Exercise directions: Output, exactly and in full, only the lines from the one containing "Der Schauspieler und" to the last line of the data. Pictures should not appear.

Dataset excerpt:

_ _ _ _ _ _ _

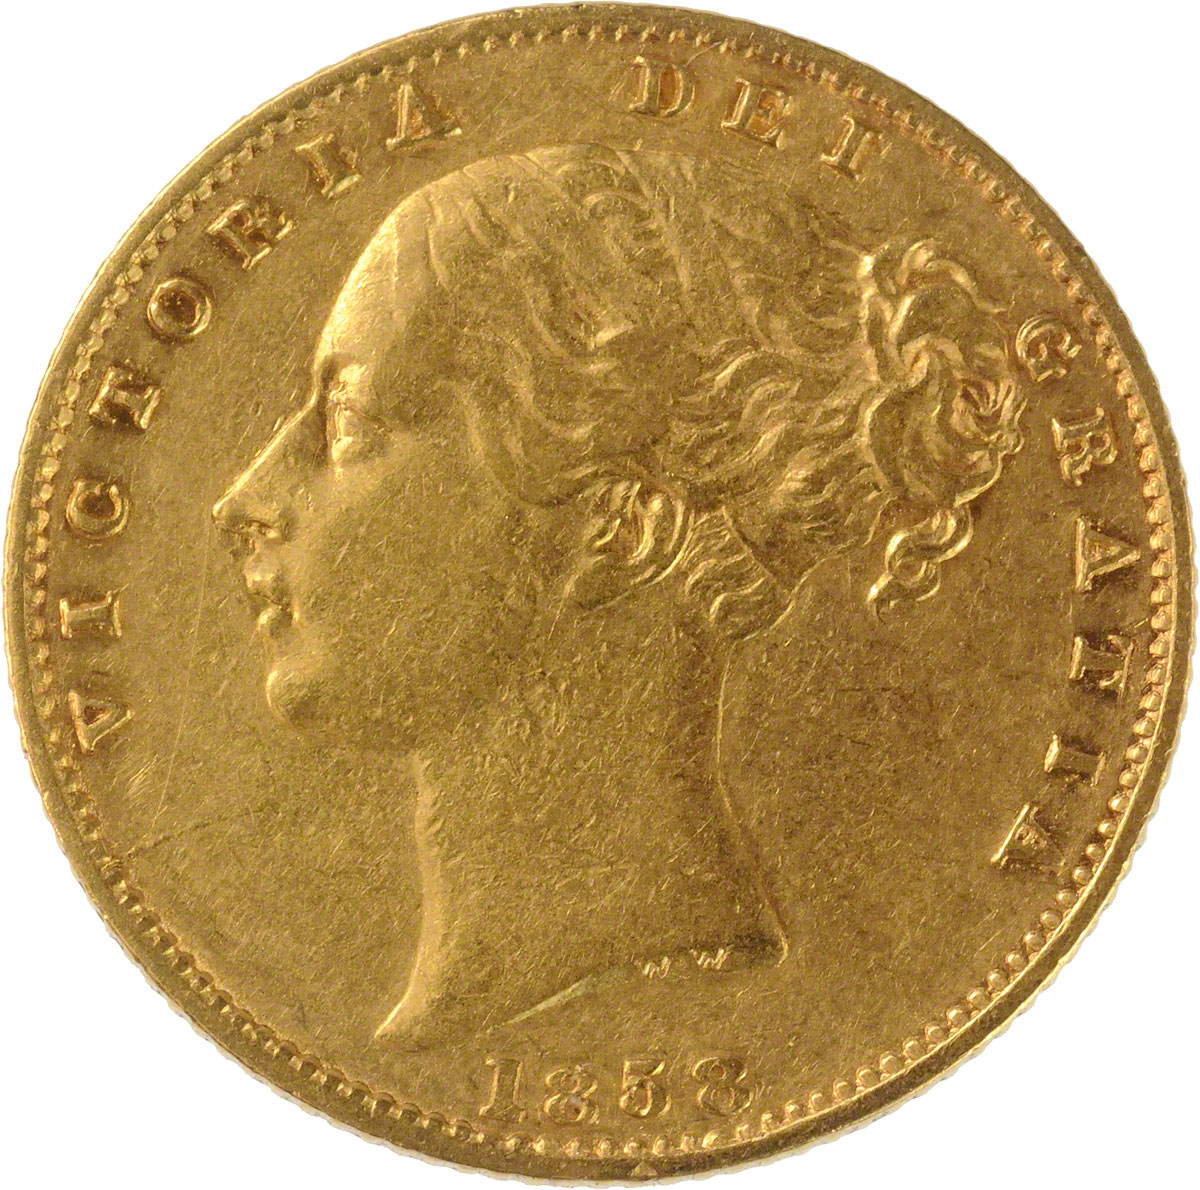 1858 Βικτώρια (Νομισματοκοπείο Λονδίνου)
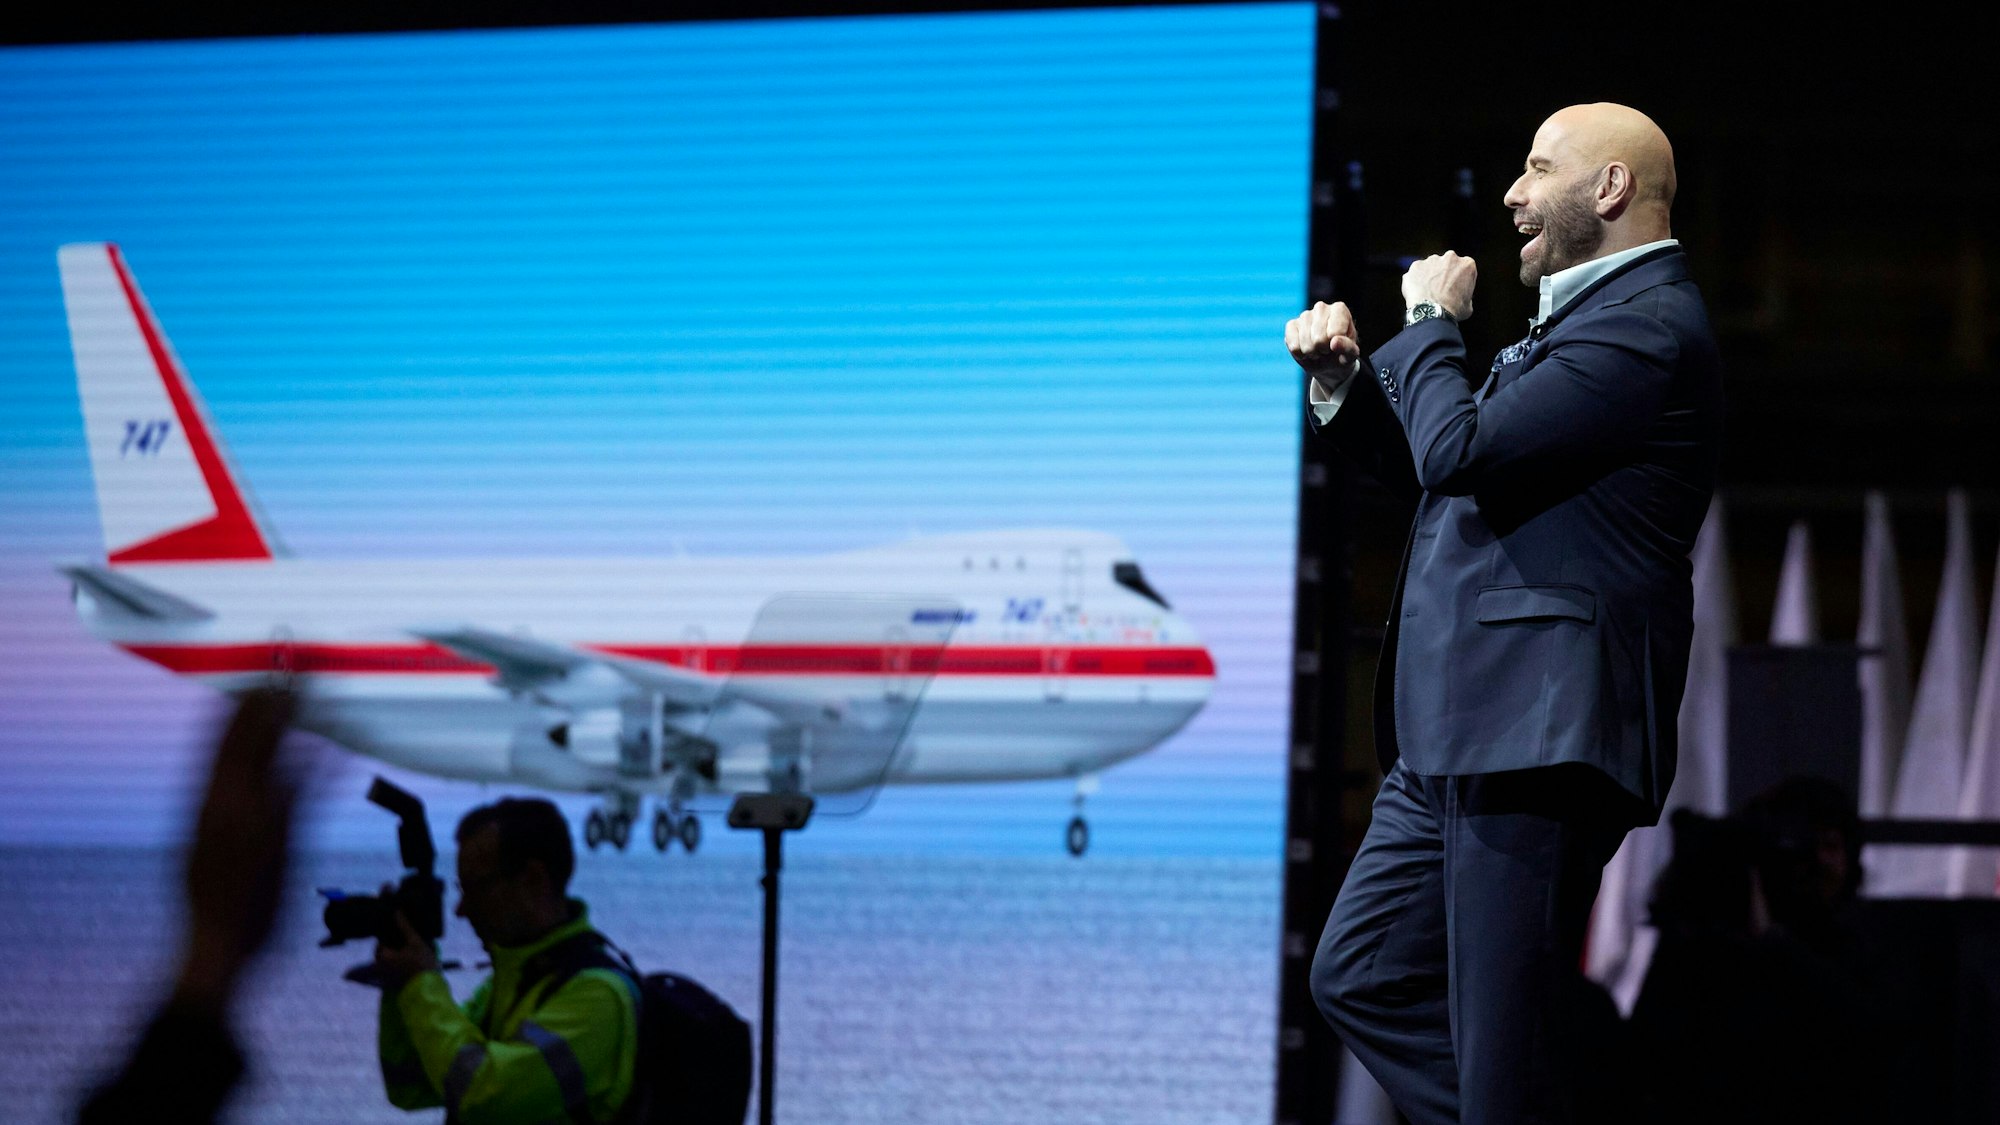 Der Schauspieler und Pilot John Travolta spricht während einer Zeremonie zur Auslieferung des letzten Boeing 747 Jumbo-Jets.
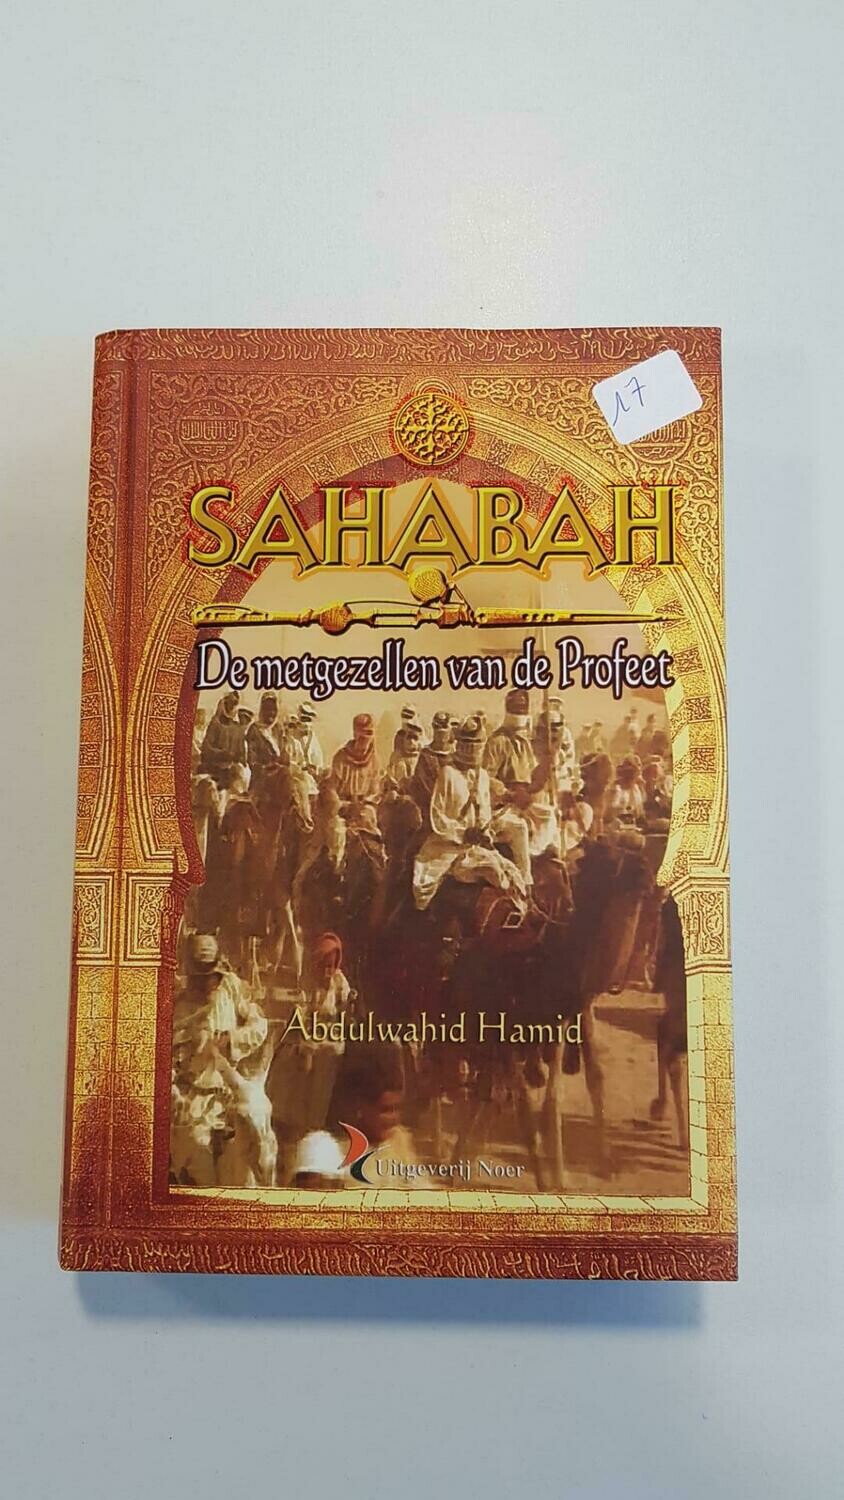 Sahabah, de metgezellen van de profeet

_ _ _ _ _ _ _

Response to the exercise:
 Der Schauspieler und Pilot John Travolta spricht während einer Zeremonie zur Auslieferung des letzten Boeing 747 Jumbo-Jets.
 Sahabah, de metgezellen van de profeet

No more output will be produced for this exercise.